We have just spent a week working with quadratics in MPM2D and today I had students create their own angry birds level.

The only real requirement was for them to create at least two** flight paths** and model them with quadratic equations.

I was hoping to see how they relate the equation to the graph. This worked out better than expected. Most students did not initially make their curves symmetric…..and that gave us a chance to discuss symmetry and these questions

- Where would the zeros be?
- Where is your vertex? Where are the zeros in relation to your vertex?
- What could the equation be then?

Most students started creating their flight paths with placing the zeros on the graph….then picking a vertex. The best part of the day was discussing how students knew where their vertex was.

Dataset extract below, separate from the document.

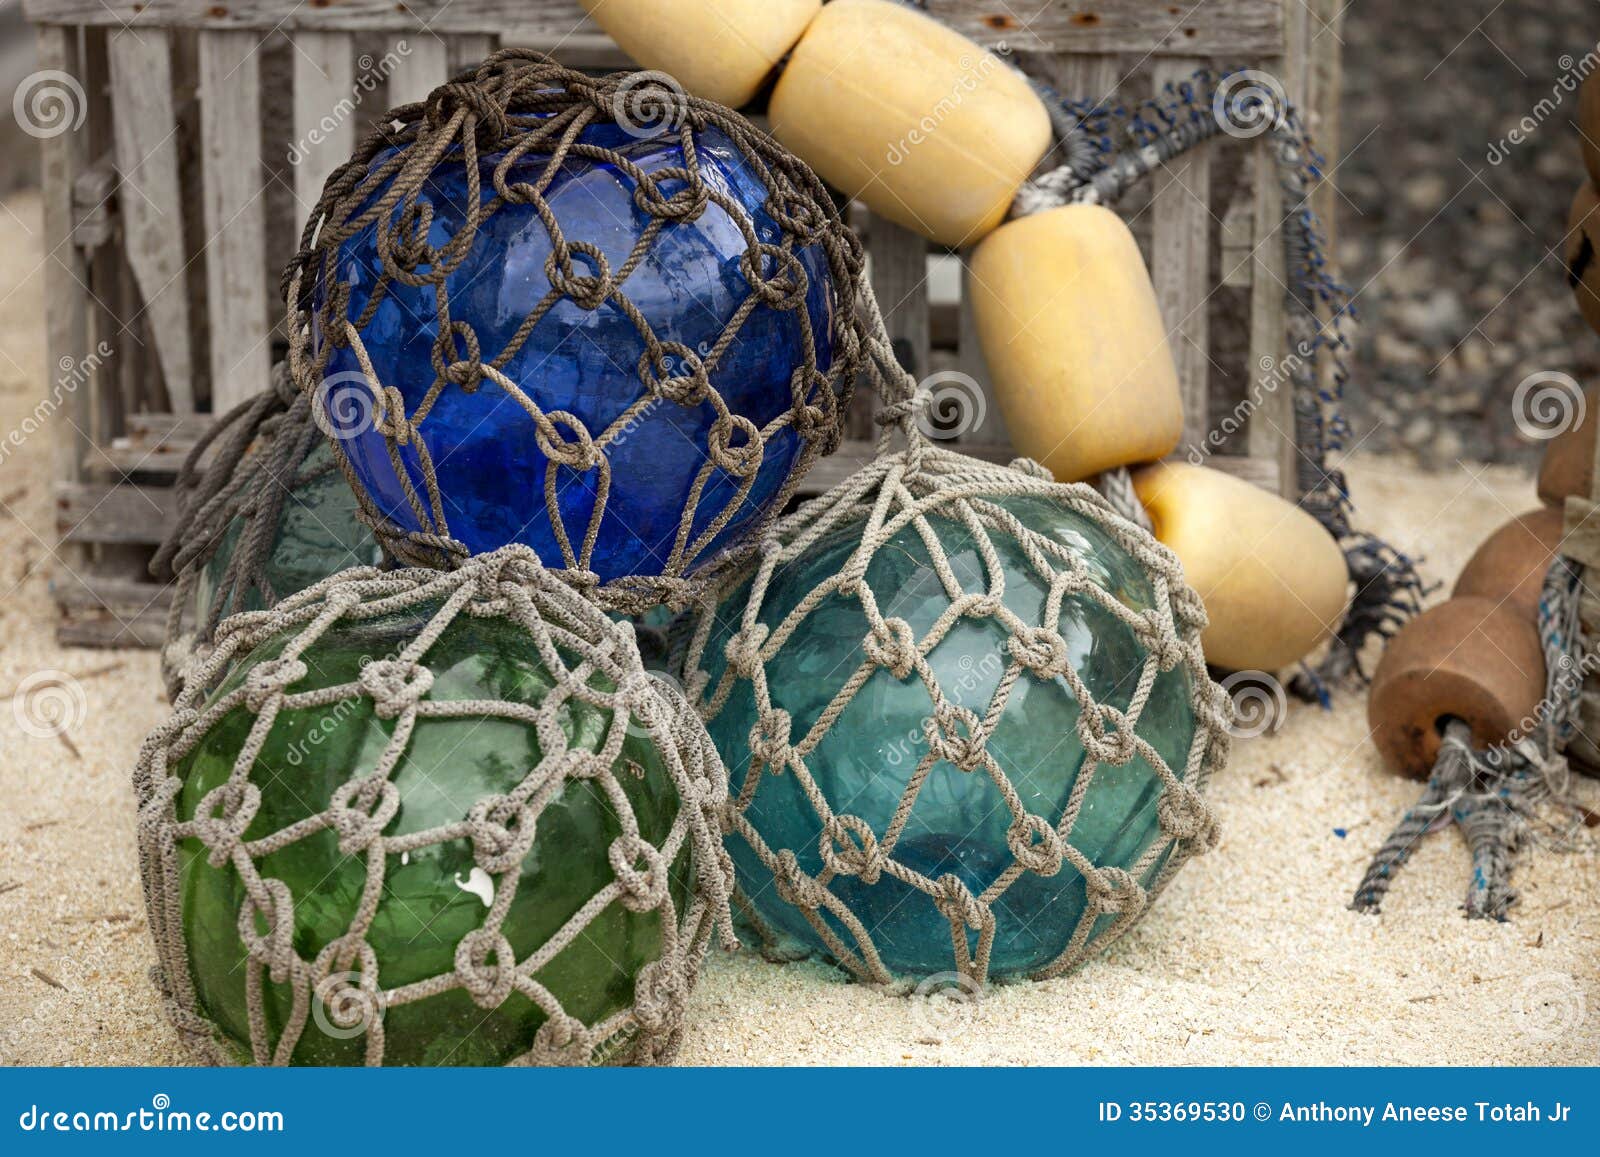 100+ Glass Fishing Floats Stock Photos, Pictures & Royalty-Free

Most knew that the axis of symmetry had to be half way between the zeros and also knew the vertex was on the axis. The issues, and then real thinking came when they went to create the equation to match. For example if Alexis wanted her bird to take off from x = 0 and land when x = 24 …she also wanted her highest height to be 7.5 units high. She wrote the equation y = – (x)(x – 24) and assumed she was correct. This assumption gave us lots to discuss!

I asked her to show me how she knew the vertex is (12,7.5) and she had a hard time. “I knew the x value was 12 but I just picked that height”. So I asked her to use the equation and find which height does go with an x value of 12. She did and then we graphed….

Something clicked in her….”Aaah! The a-value must not just be -1″ and then that led us into discussing what the a-value should be and how we can get it more accurately! We did this…

I loved that we discovered and struggled to find the correct a-value instead of me just giving an example and them copying.

I floated from group to group having similar conversations. Some students created their equations first and then found the vertex from the equation and plotted that.

Extensions

Some students started to ask if they could use different birds!!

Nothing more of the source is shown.